Durant l'olympiade écoulée, une blessure a privé la championne d'Aime-la-Plagne de l'intégralité de ses moyens lors des Championnats du monde 1974, à Saint-Moritz, où elle aurait enjolivé un peu plus la performance collective (quatre médailles) d'une équipe nationale féminine très inspirée sur les traces de Fabienne Serrat, lauréate du slalom géant.

Danièle Debernard, qui a le sport dans la peau, a toujours su rebondir dans l'adversité. Elle est solide, sa souplesse favorise ses facultés de glisseuse et son talent s'exprime sans calcul dans les trois spécialités. D'aucuns apprécient la compagnie de cette championne aux joues rondes, toujours rieuse et la blague aux lèvres.
Skieuse plurivalente à la joie de vivre communicative, elle possède plusieurs points communs avec Rosi Mittermaier.
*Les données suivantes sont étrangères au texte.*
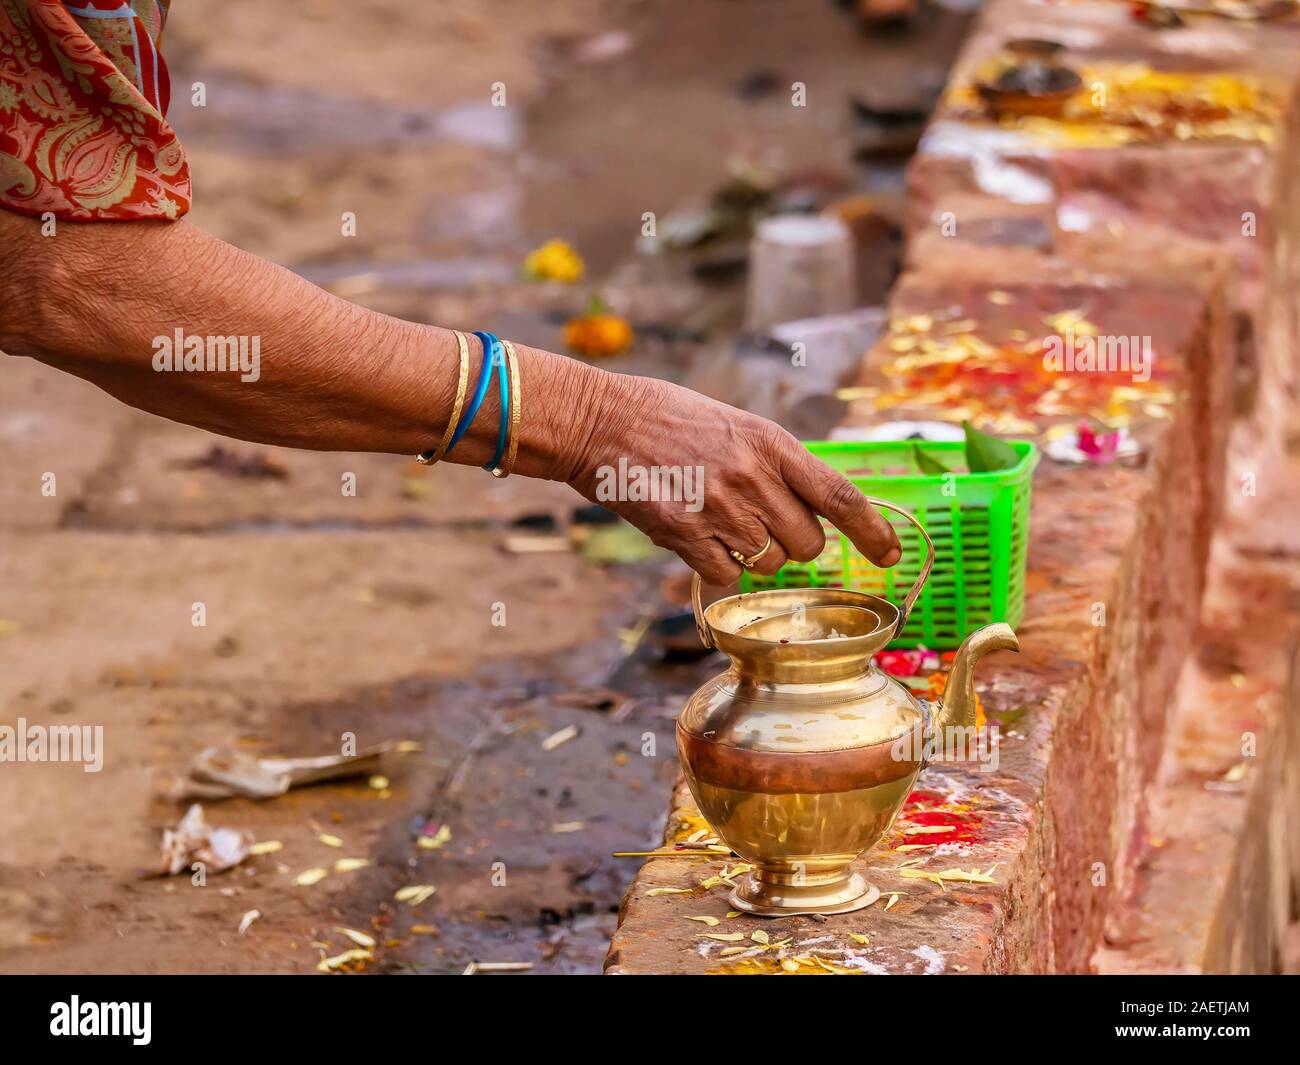 A woman prepares a personal offering to a Hindu deity using a brass pot, a basket of betel leaves and fruit, and colorful kumkum powder. Stock Photo

Ce vendredi 13, l'Allemande n'a plus qu'une troisième médaille d'or à conquérir - dans un slalom géant encore disputé en une manche - pour rejoindre dans la légende l'Autrichien Toni Sailer et Jean-Claude Killy.
Elle a déjà triomphé en descente - 18 jours après s'être classée 54ème et... dernière de la course de vitesse de Badgastein ! - et en slalom. Las, pour douze centièmes de seconde en faveur de la Canadienne Kathy Kreiner, elle se contente de la médaille d'argent.
Celle de bronze échoit à Danièle Debernard qui sauve in extremis le ski français du "capot" et se montre encore la meilleure française. Comme en descente (5ème) et en slalom (4ème).
Dans ce dernier exercice, qui se révèle très meurtrier - 50 % de chutes et de disqualifications -, elle se souvient de Barbara Cochran au terme des deux manches. A Sapporo, l'Américaine lui avait ravi le titre olympique pour deux centièmes de seconde. Ici, sur le stade de la Lizum, c'est la Liechtensteinoise Hanny Wenzel qui lui souffle la médaille de bronze pour quatre centièmes de seconde.
Encore un écart infinitésimal en sa défaveur... Danièle Debernard, malgré sa nature optimiste, se croit persécutée par le chronomètre.